● ASSIGNMENT
Print, in exact form, the lines below from the one containing "まっすぐ商標ラバTRUSCO(トラスコ) 薬用パワーハンドソープ 詰替パック" through the one containing "2 5 Gram 24k", and omit all others.
⁂
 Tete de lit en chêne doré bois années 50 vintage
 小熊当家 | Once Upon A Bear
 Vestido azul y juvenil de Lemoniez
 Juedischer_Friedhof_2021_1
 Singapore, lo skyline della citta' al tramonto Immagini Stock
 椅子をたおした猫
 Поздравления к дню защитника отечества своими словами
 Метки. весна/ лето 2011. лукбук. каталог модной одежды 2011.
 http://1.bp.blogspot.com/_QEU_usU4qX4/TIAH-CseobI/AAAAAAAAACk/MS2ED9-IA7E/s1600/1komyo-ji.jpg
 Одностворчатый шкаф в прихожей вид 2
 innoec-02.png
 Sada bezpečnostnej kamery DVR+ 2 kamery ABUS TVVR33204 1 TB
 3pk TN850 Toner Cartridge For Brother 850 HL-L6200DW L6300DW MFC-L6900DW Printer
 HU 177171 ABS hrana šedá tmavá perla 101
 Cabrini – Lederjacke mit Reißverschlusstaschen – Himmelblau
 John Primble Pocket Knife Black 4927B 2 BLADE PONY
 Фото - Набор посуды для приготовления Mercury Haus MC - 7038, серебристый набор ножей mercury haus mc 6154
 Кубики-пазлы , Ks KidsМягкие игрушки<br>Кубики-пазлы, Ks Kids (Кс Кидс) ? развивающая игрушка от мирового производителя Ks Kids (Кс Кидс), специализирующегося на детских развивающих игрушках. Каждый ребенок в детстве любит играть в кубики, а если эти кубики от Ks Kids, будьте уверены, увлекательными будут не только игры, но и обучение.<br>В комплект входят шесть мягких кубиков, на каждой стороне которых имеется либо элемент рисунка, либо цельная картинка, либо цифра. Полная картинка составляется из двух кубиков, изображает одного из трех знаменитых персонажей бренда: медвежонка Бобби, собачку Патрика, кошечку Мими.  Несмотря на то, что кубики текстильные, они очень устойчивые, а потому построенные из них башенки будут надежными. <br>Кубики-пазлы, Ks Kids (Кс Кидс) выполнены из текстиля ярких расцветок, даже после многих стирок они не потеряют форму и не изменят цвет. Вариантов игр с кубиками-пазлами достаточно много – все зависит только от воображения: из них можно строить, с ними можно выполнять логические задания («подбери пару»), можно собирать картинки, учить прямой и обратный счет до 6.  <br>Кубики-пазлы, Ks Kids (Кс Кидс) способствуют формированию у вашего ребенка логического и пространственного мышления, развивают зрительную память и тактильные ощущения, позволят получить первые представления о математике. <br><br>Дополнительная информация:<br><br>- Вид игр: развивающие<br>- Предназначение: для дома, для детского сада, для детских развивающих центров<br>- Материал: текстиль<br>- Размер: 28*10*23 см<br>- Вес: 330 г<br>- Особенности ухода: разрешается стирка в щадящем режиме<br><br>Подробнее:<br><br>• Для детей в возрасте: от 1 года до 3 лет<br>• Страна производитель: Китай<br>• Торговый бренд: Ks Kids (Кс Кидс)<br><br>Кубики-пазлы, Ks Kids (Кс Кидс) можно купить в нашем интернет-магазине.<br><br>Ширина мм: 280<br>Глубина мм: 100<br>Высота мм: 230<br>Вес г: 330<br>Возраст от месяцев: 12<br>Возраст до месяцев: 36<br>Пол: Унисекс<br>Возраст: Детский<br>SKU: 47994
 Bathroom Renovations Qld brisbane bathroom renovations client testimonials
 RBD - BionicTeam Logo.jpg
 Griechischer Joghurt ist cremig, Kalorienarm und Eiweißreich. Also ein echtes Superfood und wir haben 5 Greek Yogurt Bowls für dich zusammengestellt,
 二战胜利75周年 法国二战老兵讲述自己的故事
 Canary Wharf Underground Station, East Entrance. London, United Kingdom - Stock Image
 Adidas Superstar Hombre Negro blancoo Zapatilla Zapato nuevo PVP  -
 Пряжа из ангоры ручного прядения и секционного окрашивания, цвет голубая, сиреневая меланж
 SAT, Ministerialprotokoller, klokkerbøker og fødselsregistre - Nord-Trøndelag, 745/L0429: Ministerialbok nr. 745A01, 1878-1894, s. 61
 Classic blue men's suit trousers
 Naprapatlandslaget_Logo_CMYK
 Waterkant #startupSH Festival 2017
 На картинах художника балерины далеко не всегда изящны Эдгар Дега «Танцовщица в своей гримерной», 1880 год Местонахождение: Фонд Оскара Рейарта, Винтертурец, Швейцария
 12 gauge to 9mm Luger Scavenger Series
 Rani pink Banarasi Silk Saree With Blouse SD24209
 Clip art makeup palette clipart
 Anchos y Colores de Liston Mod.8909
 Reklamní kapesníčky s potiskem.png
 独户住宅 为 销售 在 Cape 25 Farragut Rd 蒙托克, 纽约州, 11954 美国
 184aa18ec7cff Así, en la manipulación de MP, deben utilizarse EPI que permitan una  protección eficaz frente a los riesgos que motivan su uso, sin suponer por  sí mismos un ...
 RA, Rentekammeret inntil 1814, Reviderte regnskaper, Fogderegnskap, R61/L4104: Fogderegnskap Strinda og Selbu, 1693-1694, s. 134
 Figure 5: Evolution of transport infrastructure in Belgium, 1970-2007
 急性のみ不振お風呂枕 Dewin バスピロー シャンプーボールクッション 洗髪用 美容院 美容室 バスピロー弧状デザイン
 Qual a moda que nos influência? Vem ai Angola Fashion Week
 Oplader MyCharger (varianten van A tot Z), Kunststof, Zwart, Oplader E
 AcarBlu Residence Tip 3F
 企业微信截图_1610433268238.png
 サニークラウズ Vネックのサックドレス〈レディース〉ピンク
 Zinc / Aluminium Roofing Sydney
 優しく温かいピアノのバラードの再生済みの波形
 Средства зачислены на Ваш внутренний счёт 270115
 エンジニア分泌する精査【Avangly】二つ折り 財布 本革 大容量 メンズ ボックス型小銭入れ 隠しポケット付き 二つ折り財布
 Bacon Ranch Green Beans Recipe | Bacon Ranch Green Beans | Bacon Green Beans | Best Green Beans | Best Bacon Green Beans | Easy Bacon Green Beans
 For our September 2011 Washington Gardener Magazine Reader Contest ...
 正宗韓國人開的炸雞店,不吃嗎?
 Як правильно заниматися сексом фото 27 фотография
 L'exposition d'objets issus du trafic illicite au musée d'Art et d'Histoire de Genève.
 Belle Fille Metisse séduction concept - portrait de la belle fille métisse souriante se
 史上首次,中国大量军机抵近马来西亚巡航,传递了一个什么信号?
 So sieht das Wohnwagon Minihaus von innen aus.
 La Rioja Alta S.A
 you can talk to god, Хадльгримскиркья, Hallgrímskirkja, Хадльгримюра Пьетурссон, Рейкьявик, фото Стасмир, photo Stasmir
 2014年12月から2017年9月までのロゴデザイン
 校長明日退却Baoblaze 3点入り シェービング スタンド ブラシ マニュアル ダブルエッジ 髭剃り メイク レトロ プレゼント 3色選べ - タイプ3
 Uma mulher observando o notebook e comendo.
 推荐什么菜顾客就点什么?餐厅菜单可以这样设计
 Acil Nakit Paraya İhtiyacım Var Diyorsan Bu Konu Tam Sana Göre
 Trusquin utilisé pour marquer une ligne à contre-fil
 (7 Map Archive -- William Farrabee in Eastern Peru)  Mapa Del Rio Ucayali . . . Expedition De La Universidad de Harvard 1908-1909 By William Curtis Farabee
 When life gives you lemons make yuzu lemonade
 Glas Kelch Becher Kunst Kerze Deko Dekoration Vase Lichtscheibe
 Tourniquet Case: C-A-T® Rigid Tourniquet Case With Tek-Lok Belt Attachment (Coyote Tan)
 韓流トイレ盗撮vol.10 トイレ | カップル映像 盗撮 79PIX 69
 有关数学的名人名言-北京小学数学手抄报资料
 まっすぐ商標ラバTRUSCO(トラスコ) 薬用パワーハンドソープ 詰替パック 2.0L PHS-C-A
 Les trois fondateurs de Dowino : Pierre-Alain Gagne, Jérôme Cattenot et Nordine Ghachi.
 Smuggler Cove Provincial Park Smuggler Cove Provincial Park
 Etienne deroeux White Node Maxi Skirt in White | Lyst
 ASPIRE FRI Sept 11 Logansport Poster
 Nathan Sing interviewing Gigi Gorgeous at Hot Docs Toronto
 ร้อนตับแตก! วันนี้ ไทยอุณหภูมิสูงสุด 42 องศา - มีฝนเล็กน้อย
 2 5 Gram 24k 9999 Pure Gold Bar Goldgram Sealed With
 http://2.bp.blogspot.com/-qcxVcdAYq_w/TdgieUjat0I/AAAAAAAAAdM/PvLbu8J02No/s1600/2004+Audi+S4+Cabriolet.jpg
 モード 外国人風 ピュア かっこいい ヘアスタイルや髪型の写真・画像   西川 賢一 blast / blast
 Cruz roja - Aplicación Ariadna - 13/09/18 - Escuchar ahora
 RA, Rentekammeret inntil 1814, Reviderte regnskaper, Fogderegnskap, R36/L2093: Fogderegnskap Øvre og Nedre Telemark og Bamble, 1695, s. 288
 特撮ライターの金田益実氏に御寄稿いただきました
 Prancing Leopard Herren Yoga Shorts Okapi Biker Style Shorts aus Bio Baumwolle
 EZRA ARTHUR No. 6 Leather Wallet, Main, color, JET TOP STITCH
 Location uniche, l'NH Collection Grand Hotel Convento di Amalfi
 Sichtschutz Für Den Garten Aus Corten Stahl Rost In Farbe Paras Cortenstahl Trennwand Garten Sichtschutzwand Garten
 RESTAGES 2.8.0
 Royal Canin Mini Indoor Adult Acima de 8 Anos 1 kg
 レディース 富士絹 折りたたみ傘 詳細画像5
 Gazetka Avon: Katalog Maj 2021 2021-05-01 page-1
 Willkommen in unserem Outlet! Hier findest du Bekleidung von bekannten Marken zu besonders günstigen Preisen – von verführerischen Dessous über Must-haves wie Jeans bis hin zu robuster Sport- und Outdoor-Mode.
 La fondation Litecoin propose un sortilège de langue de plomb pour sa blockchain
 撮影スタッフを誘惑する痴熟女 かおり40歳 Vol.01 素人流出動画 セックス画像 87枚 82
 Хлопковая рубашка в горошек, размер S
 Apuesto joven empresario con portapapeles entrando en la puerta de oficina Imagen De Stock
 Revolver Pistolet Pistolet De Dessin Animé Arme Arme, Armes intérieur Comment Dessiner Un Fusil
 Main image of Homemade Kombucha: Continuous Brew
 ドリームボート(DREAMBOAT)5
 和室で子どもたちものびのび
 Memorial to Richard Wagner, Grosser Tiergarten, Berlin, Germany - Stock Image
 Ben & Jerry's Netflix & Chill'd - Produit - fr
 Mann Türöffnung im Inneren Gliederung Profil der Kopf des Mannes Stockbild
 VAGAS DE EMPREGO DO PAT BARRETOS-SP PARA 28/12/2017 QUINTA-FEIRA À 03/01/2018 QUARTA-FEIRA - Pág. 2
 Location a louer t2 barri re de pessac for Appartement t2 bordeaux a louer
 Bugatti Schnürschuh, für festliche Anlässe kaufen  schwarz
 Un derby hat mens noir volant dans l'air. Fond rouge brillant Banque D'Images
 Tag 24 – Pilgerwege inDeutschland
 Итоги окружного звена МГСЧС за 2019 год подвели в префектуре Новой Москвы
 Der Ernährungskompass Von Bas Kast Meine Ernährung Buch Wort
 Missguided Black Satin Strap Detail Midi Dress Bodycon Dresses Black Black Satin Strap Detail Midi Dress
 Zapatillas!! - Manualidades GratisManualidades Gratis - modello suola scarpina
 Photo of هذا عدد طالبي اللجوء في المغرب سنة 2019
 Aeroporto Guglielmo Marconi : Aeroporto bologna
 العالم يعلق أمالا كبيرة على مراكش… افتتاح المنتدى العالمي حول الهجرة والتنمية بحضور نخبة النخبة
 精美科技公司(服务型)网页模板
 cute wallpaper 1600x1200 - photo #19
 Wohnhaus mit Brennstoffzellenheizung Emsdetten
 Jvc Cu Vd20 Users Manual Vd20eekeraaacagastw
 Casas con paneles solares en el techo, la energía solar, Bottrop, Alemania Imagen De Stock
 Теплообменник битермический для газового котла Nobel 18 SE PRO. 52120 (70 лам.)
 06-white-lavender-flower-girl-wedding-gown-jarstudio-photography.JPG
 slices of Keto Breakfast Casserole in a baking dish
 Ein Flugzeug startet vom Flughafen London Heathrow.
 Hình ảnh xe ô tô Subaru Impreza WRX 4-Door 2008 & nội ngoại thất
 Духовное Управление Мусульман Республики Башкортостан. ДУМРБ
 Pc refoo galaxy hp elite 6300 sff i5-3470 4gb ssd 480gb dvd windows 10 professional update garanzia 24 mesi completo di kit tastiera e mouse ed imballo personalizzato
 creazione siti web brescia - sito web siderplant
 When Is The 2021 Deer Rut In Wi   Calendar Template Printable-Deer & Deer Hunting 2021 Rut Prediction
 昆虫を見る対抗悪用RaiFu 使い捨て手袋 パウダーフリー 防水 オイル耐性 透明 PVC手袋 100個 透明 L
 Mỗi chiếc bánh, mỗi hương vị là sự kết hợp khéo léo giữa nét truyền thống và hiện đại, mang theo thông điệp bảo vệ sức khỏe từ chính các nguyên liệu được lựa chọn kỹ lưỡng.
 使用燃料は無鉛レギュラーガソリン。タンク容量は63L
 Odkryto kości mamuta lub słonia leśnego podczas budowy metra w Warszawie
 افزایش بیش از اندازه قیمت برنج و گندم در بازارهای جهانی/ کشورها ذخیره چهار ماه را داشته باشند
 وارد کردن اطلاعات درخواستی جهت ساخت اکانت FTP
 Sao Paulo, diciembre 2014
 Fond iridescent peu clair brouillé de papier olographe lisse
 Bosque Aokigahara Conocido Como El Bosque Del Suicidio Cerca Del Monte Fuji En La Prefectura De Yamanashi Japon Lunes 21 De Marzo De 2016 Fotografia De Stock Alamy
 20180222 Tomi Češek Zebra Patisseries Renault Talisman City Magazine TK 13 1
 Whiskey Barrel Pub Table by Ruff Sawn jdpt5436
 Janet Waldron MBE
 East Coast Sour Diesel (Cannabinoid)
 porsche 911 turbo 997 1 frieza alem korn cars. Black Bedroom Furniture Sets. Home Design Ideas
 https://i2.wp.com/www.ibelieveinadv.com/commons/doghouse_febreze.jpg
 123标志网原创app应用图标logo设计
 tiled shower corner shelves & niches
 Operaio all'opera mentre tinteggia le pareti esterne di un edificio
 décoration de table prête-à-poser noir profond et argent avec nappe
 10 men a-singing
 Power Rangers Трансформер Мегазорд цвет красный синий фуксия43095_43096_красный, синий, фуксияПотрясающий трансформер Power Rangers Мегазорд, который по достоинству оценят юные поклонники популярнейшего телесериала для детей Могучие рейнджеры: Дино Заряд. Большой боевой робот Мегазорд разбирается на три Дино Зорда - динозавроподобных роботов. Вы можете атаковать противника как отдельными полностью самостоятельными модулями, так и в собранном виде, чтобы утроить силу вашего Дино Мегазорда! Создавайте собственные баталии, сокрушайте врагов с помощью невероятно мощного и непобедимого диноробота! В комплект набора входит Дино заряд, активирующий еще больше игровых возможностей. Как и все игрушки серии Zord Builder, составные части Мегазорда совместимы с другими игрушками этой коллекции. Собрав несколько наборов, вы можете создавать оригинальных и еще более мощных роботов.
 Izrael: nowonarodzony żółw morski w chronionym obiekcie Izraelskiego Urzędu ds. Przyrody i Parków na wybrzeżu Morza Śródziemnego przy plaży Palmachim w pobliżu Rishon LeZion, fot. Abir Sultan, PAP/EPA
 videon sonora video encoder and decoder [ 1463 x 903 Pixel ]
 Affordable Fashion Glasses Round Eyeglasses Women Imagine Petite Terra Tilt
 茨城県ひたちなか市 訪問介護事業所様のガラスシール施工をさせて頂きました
⁂
● THE ANSWER
 まっすぐ商標ラバTRUSCO(トラスコ) 薬用パワーハンドソープ 詰替パック 2.0L PHS-C-A
 Les trois fondateurs de Dowino : Pierre-Alain Gagne, Jérôme Cattenot et Nordine Ghachi.
 Smuggler Cove Provincial Park Smuggler Cove Provincial Park
 Etienne deroeux White Node Maxi Skirt in White | Lyst
 ASPIRE FRI Sept 11 Logansport Poster
 Nathan Sing interviewing Gigi Gorgeous at Hot Docs Toronto
 ร้อนตับแตก! วันนี้ ไทยอุณหภูมิสูงสุด 42 องศา - มีฝนเล็กน้อย
 2 5 Gram 24k 9999 Pure Gold Bar Goldgram Sealed With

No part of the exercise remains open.